The Federal Railroad Administration (FRA) recently published a progress report (PDF) presenting its ambitious vision for the congressionally-mandated National Rail Plan (NRP). The NRP is being developed as part of the Passenger Rail Investment and Improvement Act of 2008. The progress report builds upon the Preliminary National Rail Plan (PDF) submitted to Congress last year. When completed, the NRP is expected to present a framework for improving our transportation network for future generations.
The progress report emphasizes the importance of efficient and effective rail infrastructure to the nation’s economy and then details the need to build a nation-wide system of high-speed and intercity passenger rail while preserving the nation’s freight rail network. FRA’s plans include a tiered network of passenger rail corridors, with each tier tailored to the size and needs of the various areas serviced by the system. These tiers would include Core Express Corridors, which would consist of high-speed rail service on a dedicated track and connect large urban areas separated by distances of up to 500 miles. The middle tier, Regional Corridors would use a mix of dedicated and shared track to provide service ranging in speed from 90-125 mph and link mid-size urban areas as well as smaller communities in between. Finally, Emerging/Feeder routes would use shared track and provide smaller or more distant areas with service speeds of up to 90 mph. FRA’s goal for each of these tiers is to provide connections with communities, and integrate passenger rail with other modes of public transportation.
The FRA also uses the report to address its plan for High Performance Freight Rail and the need to improve the nation’s freight rail network to accommodate long-term capacity needs. The report emphasizes that freight system performance can also be improved by enhancing the connections between individual modes of transportation in order to make the best use of the inherent efficiencies of each mode, including pipelines, airfreight, waterways, and trucking. Such improvements to corridors and connections will, in turn, enhance the nation’s economic competitiveness.
Success will require a long-term commitment to passenger rail at the Federal, State, and local levels, similar to the dedication shown to the interstate highway network in the latter half of the 20th century.

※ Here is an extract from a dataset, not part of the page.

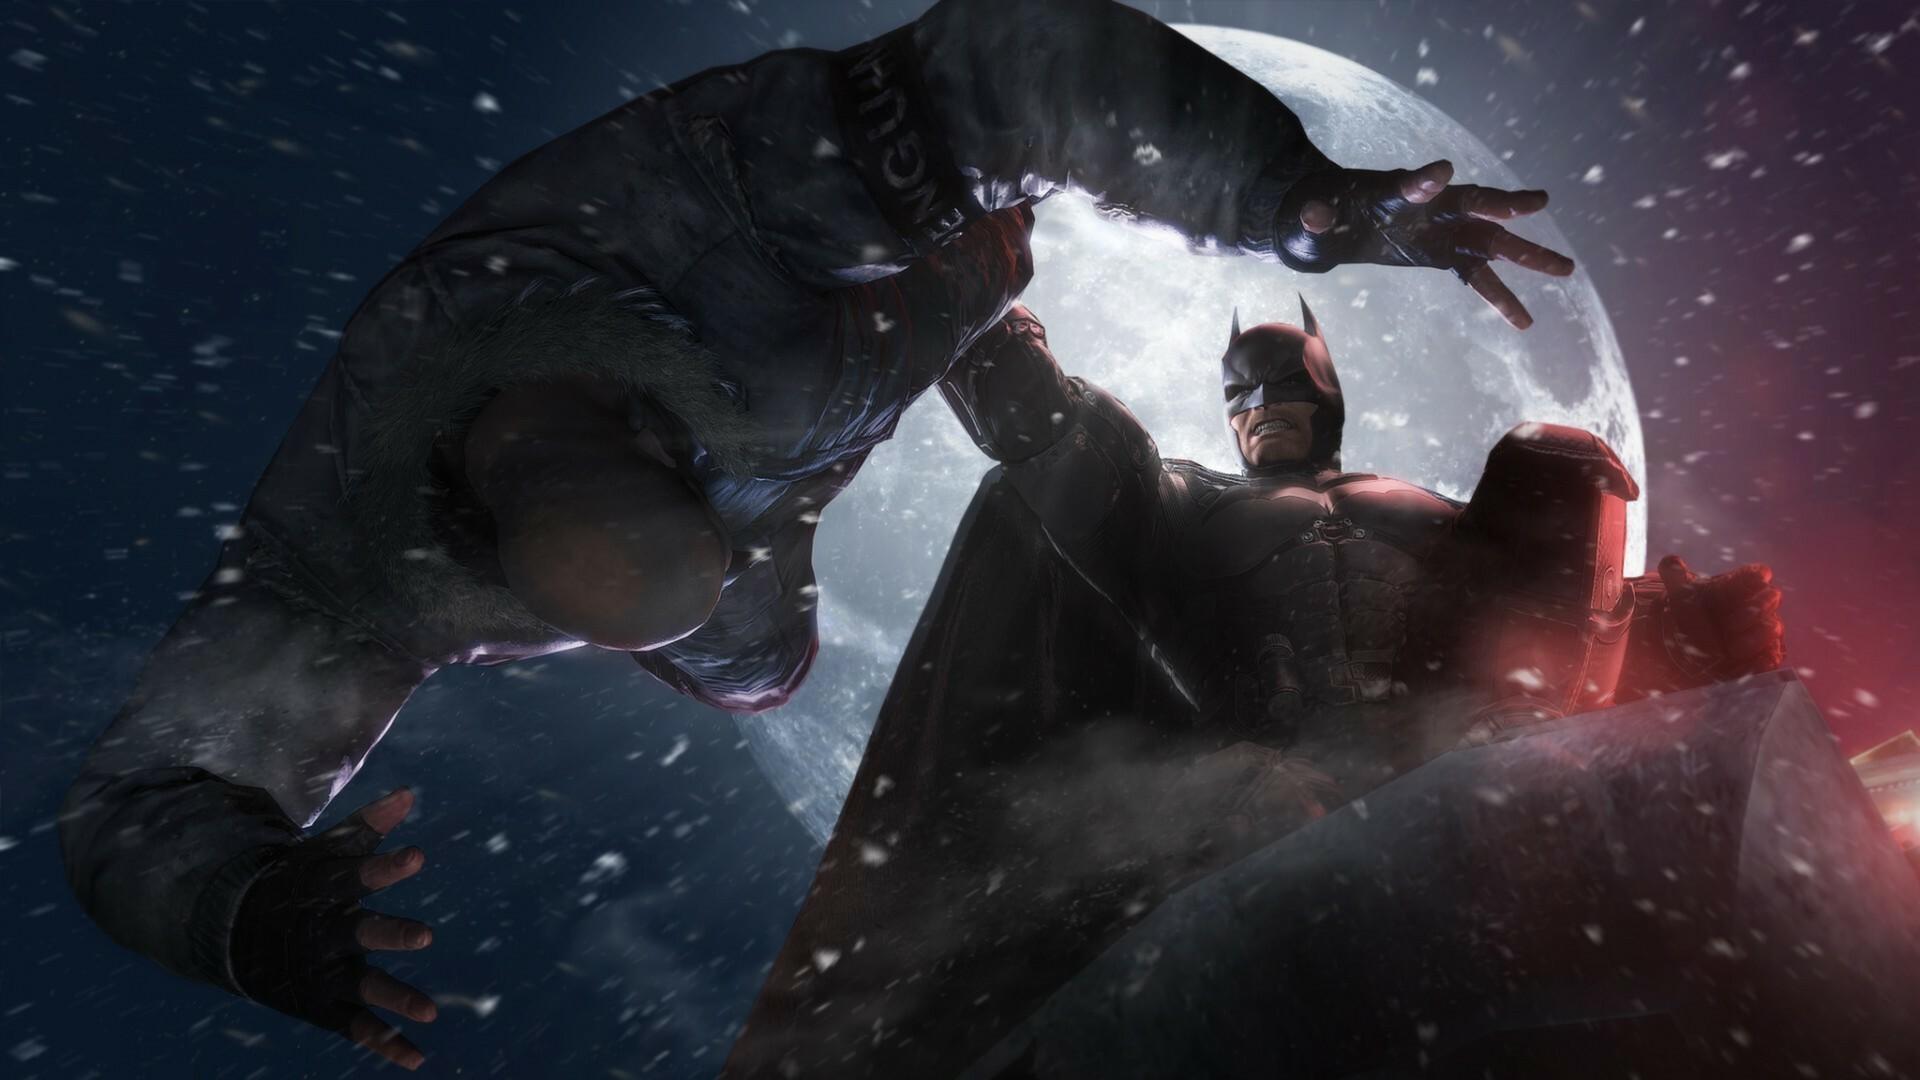 batman-arkham-origins-complete-edition-pc-screenshot-02

The next steps in the development of the NRP may prove to be the most critical in terms of garnering the political support necessary for an endeavor whose significance and breadth the FRA compares to the development of the interstate highway system in the 1950s. USDOT and FRA are currently developing criteria to identify regions of the country where Core Express, Regional and Emerging/Feeder corridors could be feasible, analyzing the costs and benefits of high speed and intercity rail and High Performance Rail, and continuing extensive public outreach to identify and aid in the resolution of challenges associated with the initiative. When issued, the final NRP is expected to include a comprehensive strategy for implementation, including legislative, policy and administrative recommendations. The ultimate strategy will need to anticipate and overcome the numerous financial and political challenges to such an ambitious undertaking.